WORK REQUEST:
Among the lines below, take the one holding "Apple iPad Repair in Robertson", the one holding "Eindelijk! De iPhone", and all lines between them. Set them down exactly.

PROVIDED DATA:

════════

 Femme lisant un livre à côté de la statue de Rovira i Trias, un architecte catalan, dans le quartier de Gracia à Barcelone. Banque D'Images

════════

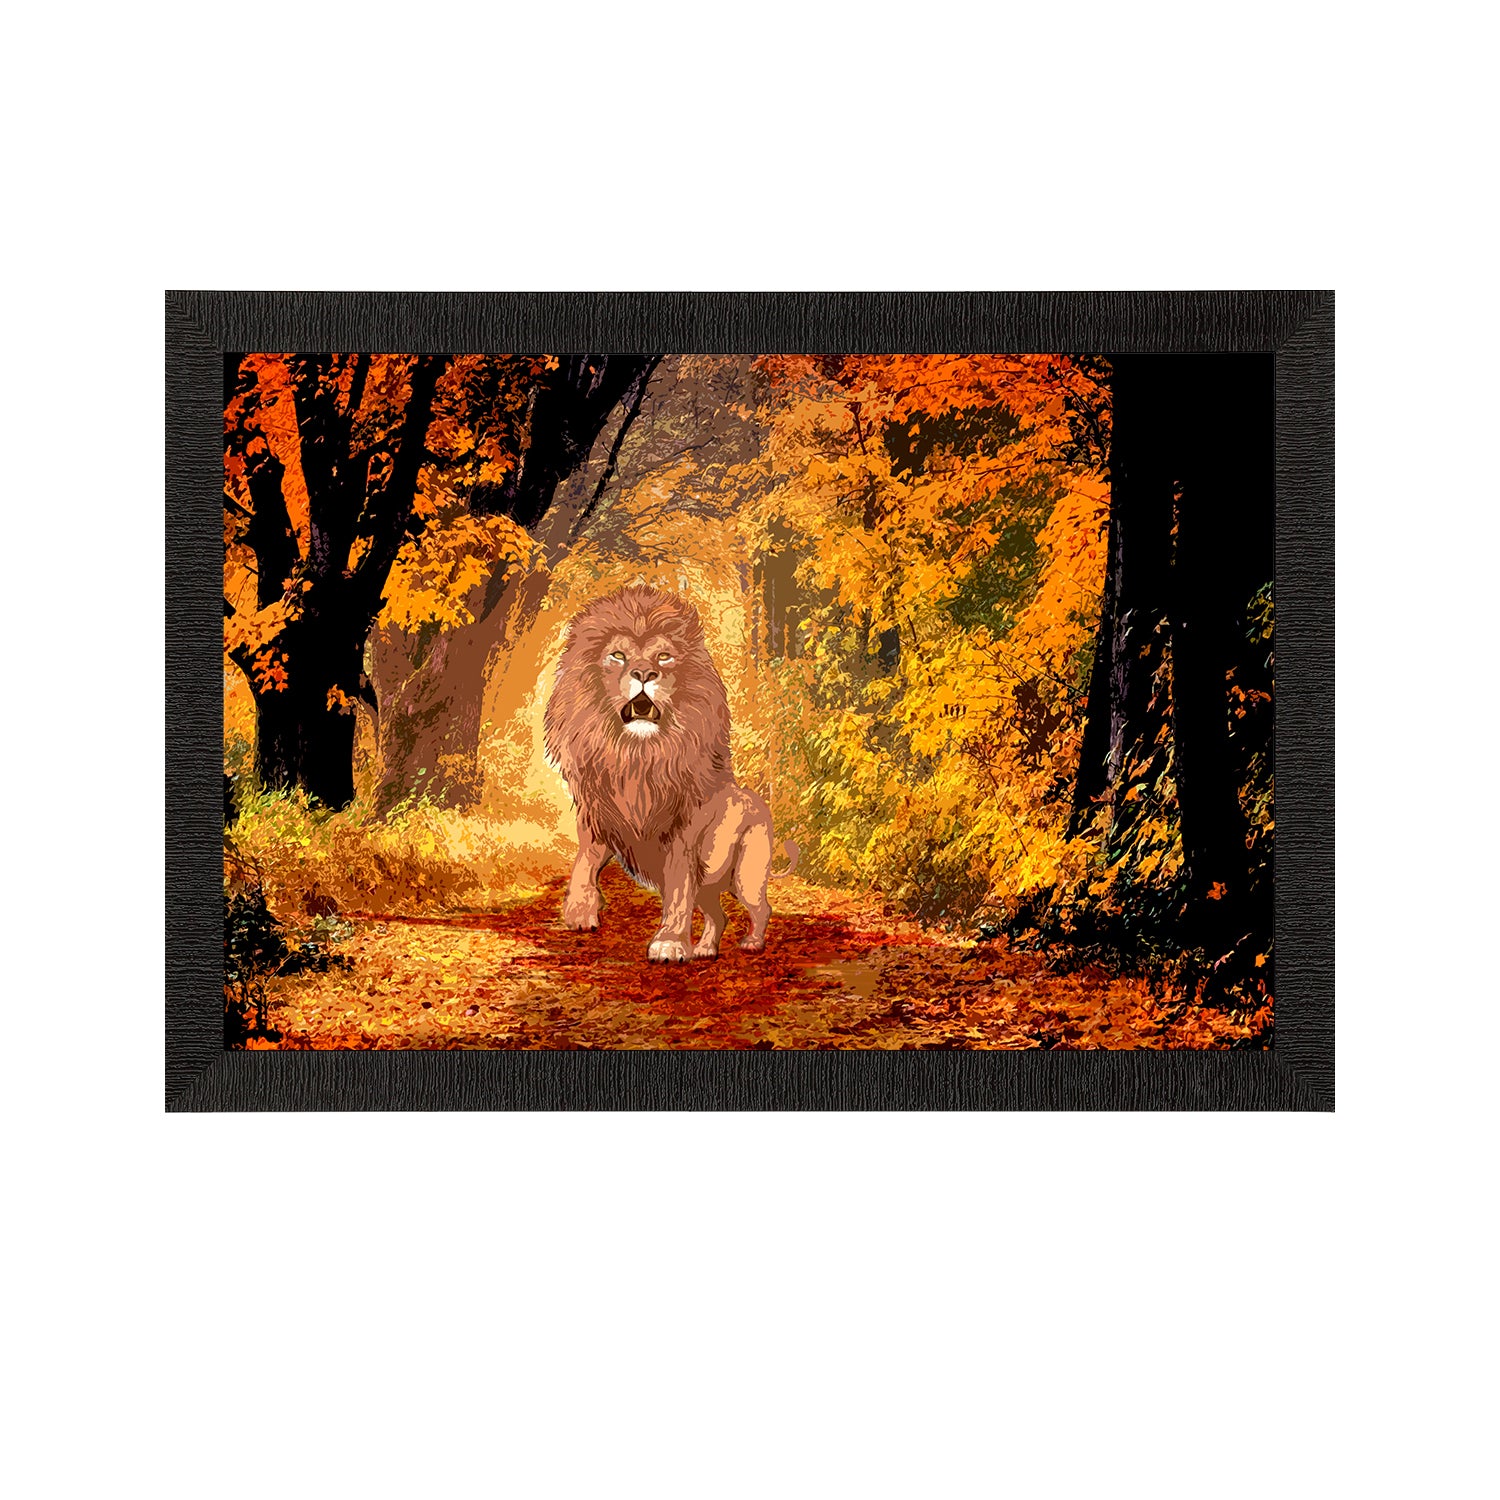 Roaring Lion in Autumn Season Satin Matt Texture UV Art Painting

════════

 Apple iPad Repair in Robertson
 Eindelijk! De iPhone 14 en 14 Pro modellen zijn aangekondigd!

════════

ANSWER SECTION:
 Apple iPad Repair in Robertson
 Eindelijk! De iPhone 14 en 14 Pro modellen zijn aangekondigd!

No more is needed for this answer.